Re: Thom Hartmann FA Hayek vs. the Birth of Democratic Socialism
October 19, 2025
I am appreciative for the deep dive Thom produces, yet must address the use of sophsiticated terms that have no meaning to most of us when arguing our points. Thom’s previous prediction that the US Economy would fail looms as an example of over-prediction. I caution that non-physicians attempting to profit from Medicine are working on their own thru governmental and commercial interests and keep getting it wrong.
I am also amazed how the simple Google Chat can shed insights of hostory as Thom does if one possesses a knowledge base to ask better questions. Thom’s article writes:
“Germany’s social welfare state led all other developed nations by the end of the 1920s, that country having led the pack by initiating the world’s first single-payer healthcare system in 1884.[xxxi]”
In our unique Medical Scholars Program at the University of Illinois at Urbana Champaign, we studied the history of worker Unions. It is of note that the program no longer exists. High level Academics in training Doctors has been rejected.
There is a contrast between the development of Worker Unions in England (Equality - everyone the same) and some 100 years later in Germany (Equitty - to each by the need).

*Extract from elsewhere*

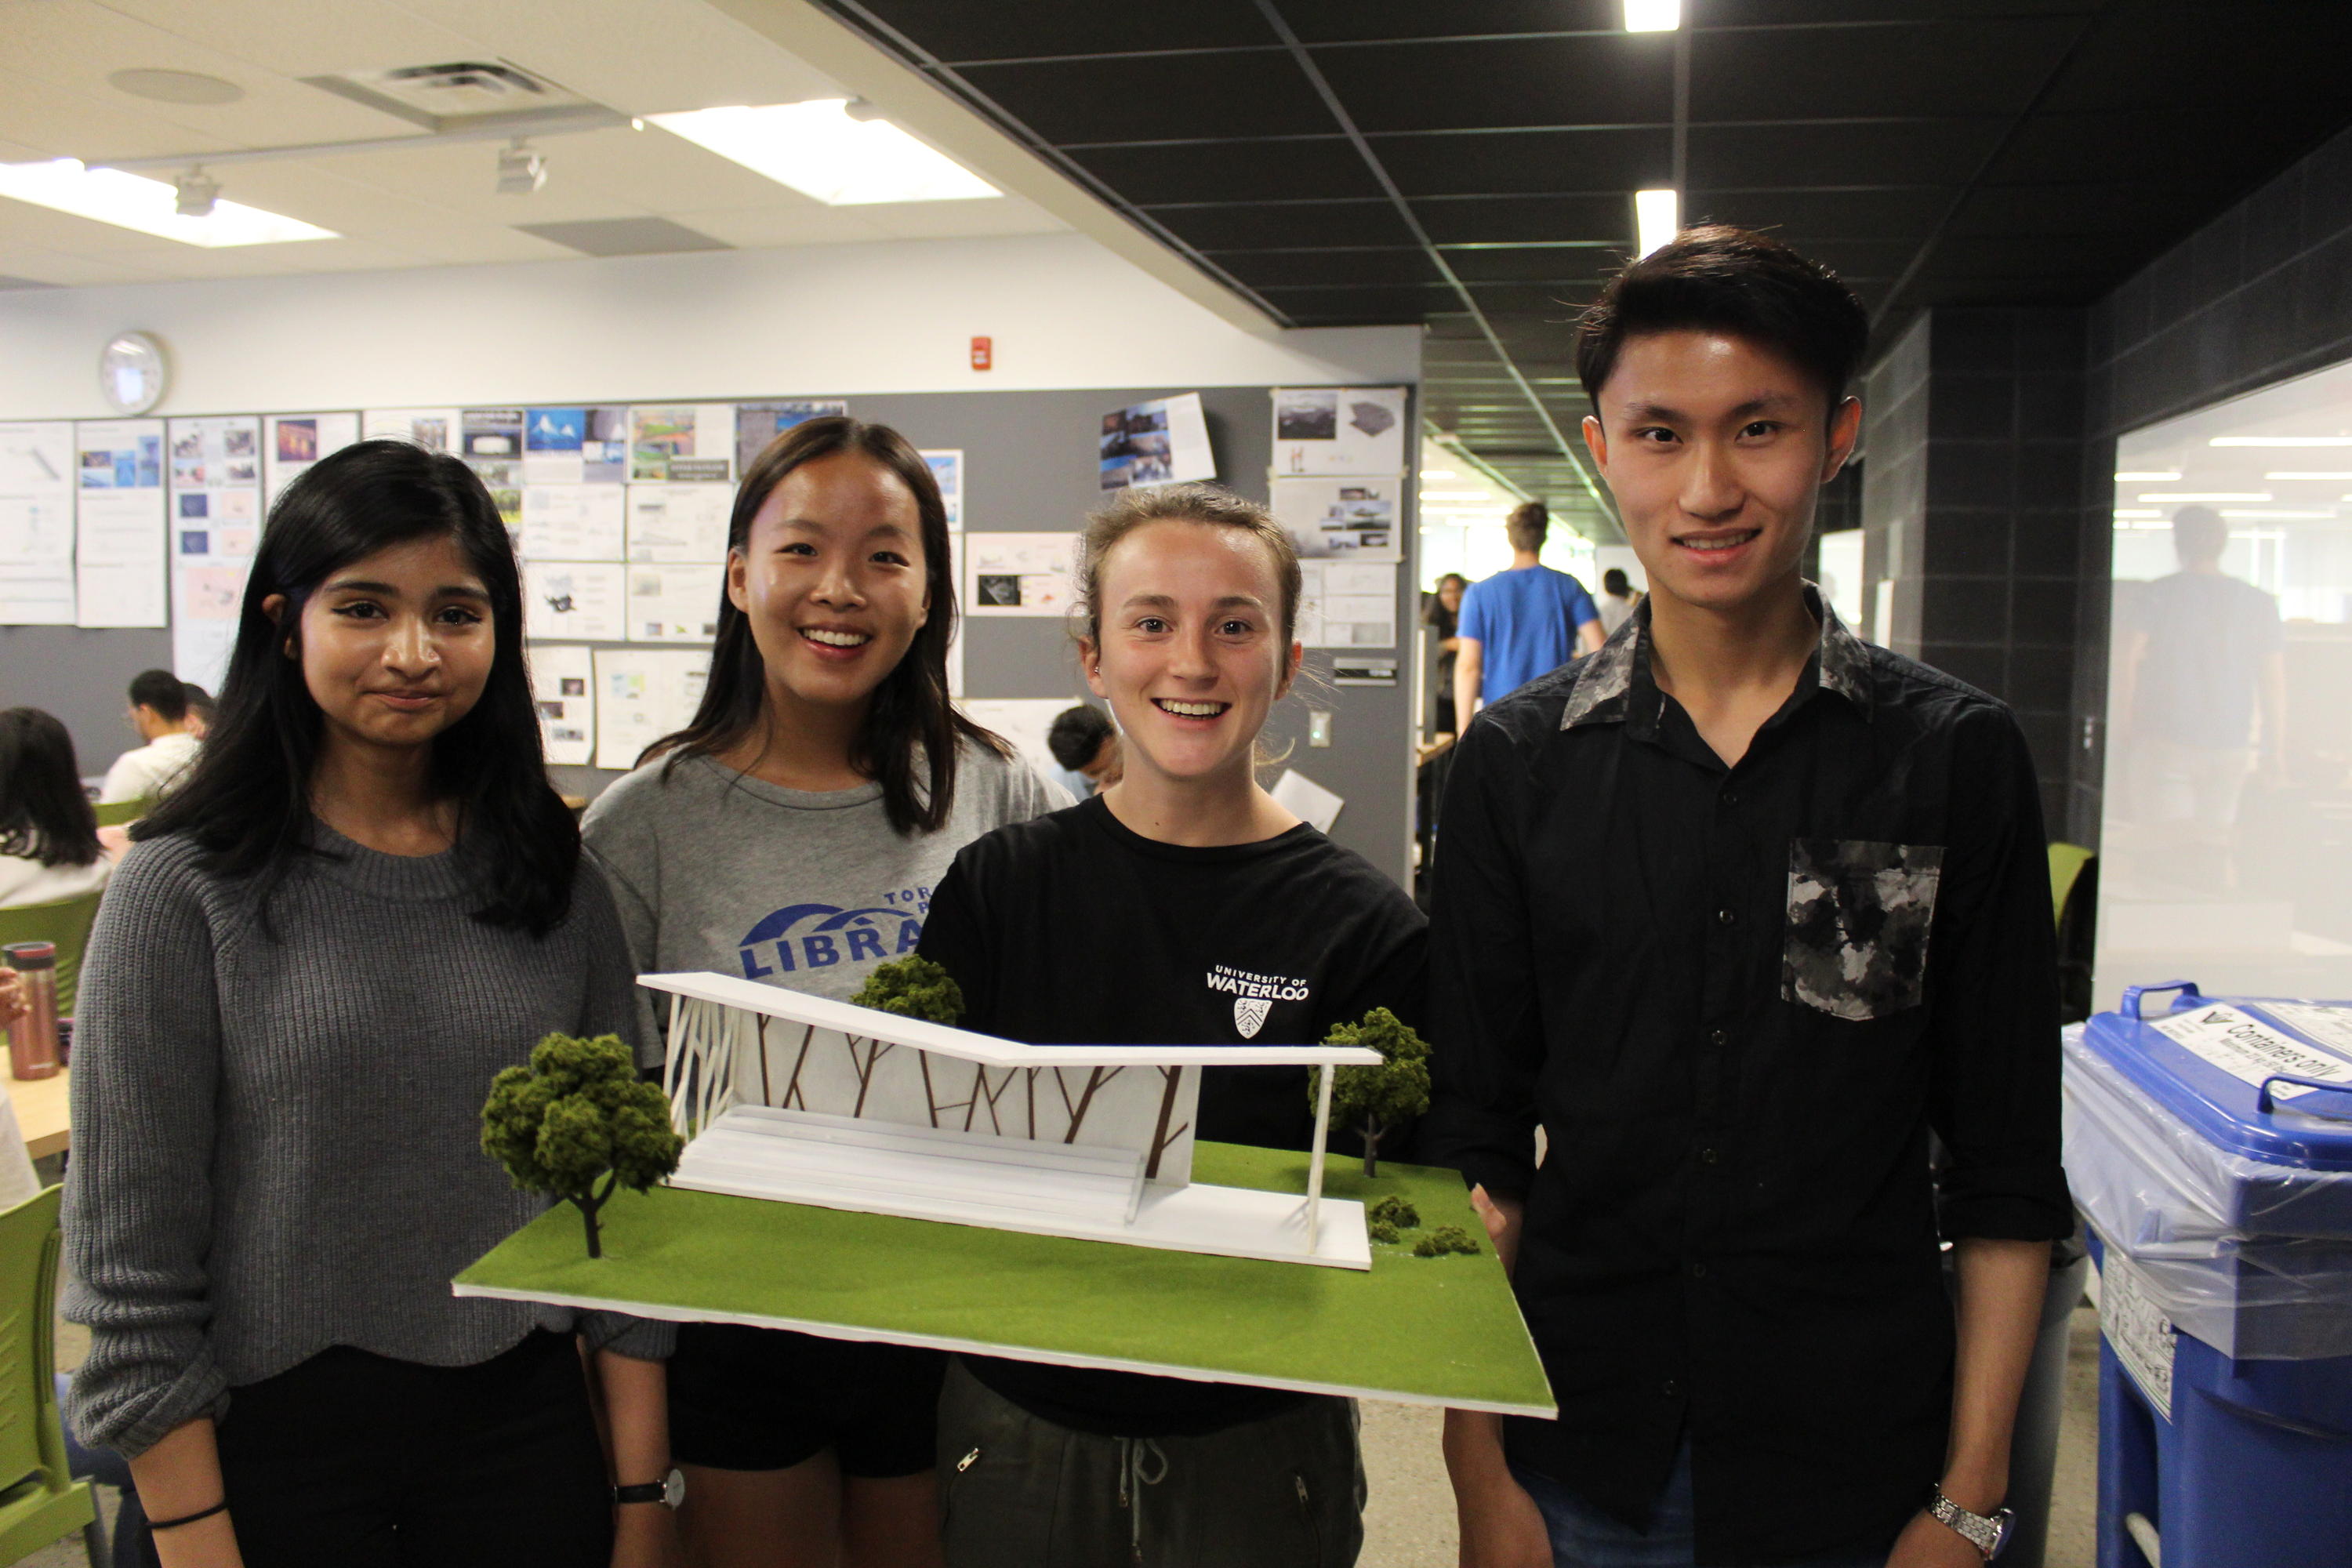 pavilion model with student group

We oscillate back and forth as if one is superior to the other, when both in the context of employment are flawed. This is the unsolved hybrid.
Single Payer is not just how the money is paid, but also how the money is collected. Taxing only workers for Care thru payroll is lopsided and insolvent. The German Socialist System correctly emphasized Fee-For-Service, which I submit is the most cost-effective and quality assuring system. Yet, it collects funds from taxation of workers. This is the unstable.

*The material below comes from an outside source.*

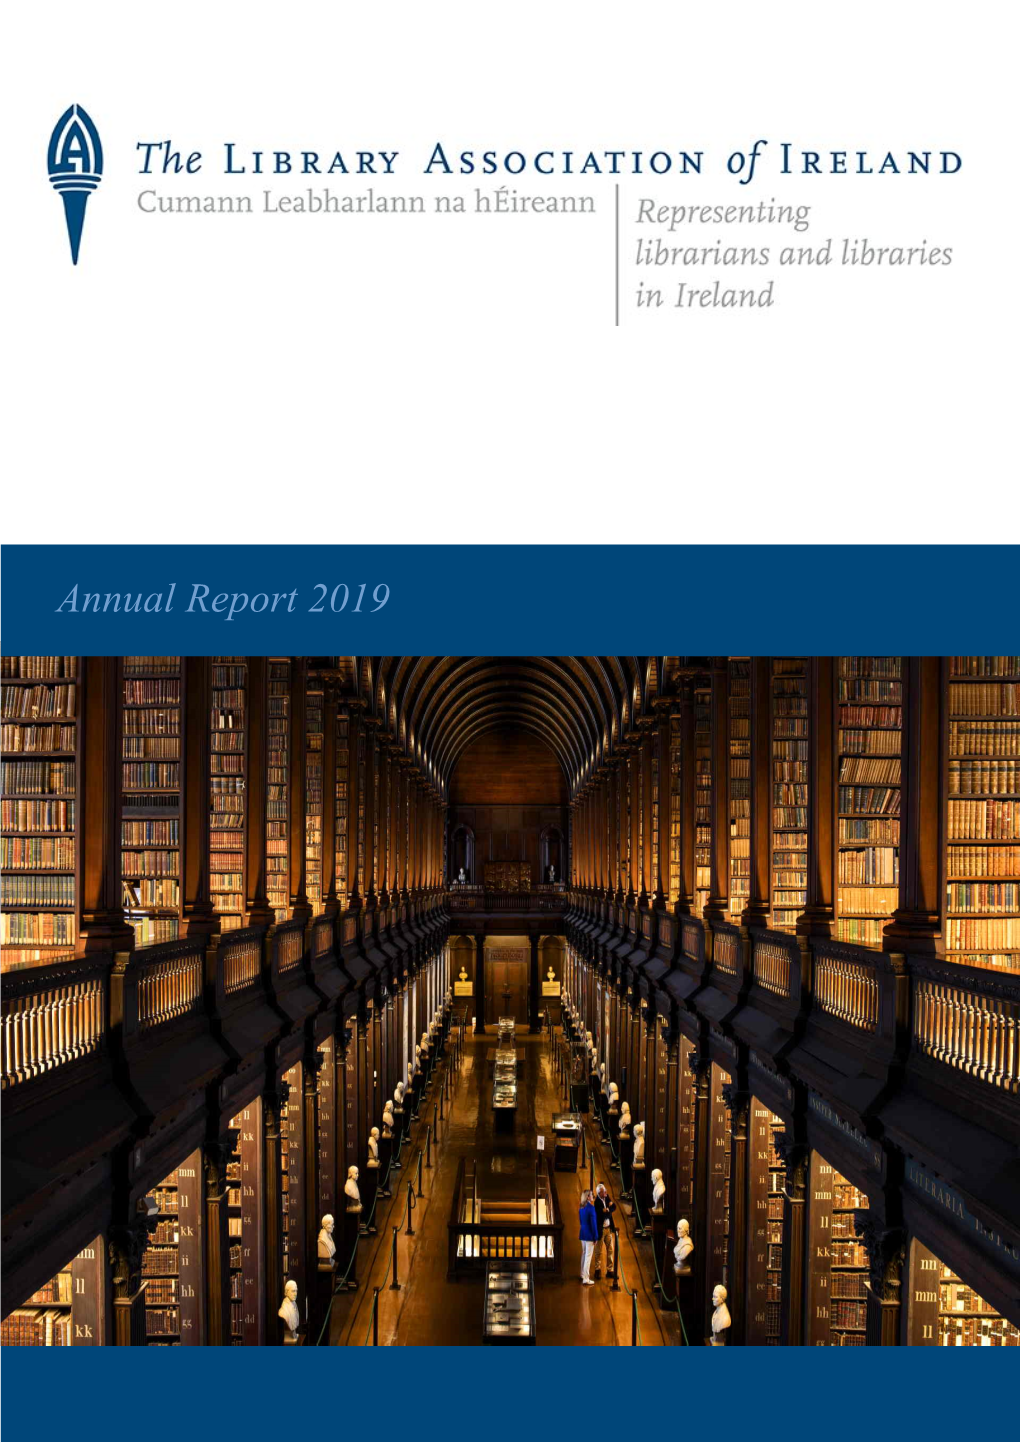 Library Association of Ireland Annual Report 2019

We often address only part of a problem. I argue that the combination of a Fee-For Service with Universal Population Coverage is what gives us what we want. My internet search indicates that no single country perfectly combines all three of the necessary elements of 1) State Level Single Payer Fee-For-Service payments, 2) Universal State Level Mandatory Sales Tax, funding 3) Universal Population Coverage for Medical Care, This elimates the insane for nothing overhead of Commercial Health Insurance Corporations.
Timothy D Bilash MD MS FACOG
Candidate, US House of Representatives Missouri District 02 in 2026
Germany did not have a single-payer system in 1884, but it did launch a mandatory health insurance system that year, known as the Bismarck model, which is a multi-payer system with government regulation. Named after Otto von Bismarck, this system requires mandatory enrollment in a non-profit "sickness fund" (Krankenkassen) that provides coverage, funded jointly by employers and employees through payroll deductions. While it wasn't a single-payer system, the government heavily regulated these funds to ensure they covered workers and eventually expanded to cover the majority of the population.

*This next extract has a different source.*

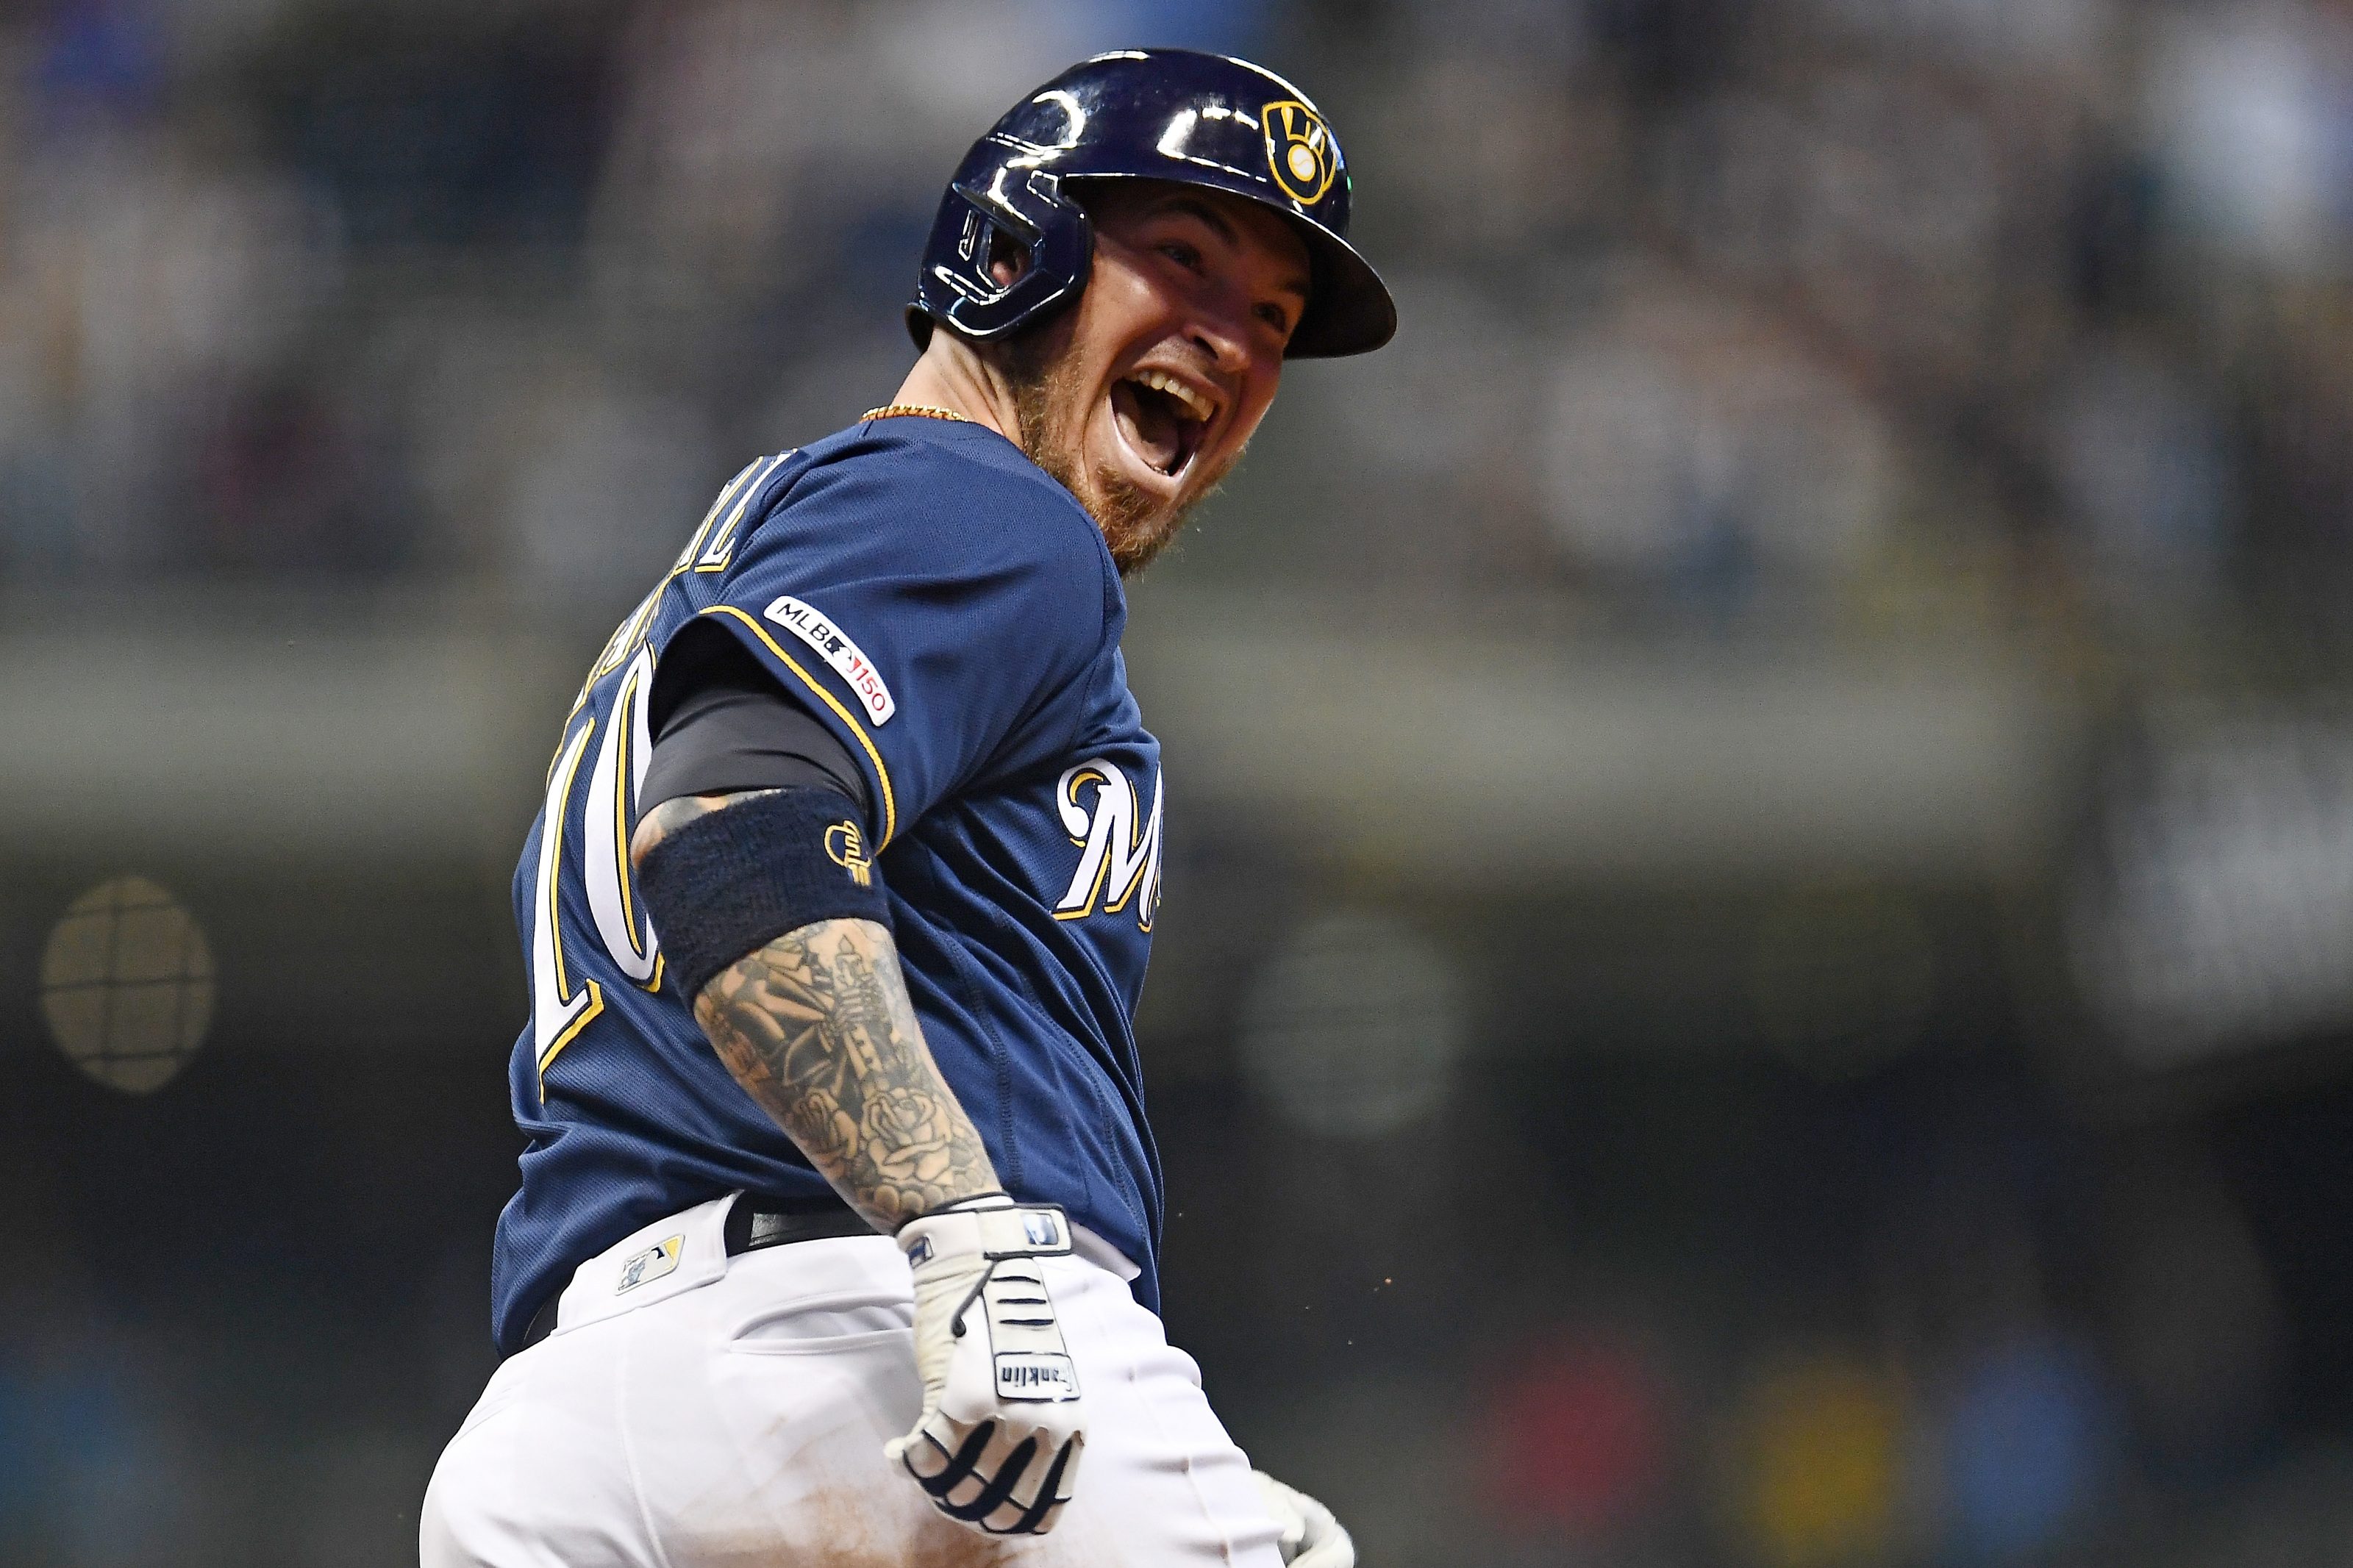 Yasmani Grandal chose Brewers for family and chance to win

• System type: The Bismarck model is a multi-payer system, not a single-payer system, because there are multiple competing "sickness funds" rather than one public insurer.
• Mandatory insurance: The system made health insurance compulsory for workers in certain industries, with coverage expanding over time to include more people and their families.
• Funding: The system was financed through a combination of employer and employee contributions, which is still a core principle today.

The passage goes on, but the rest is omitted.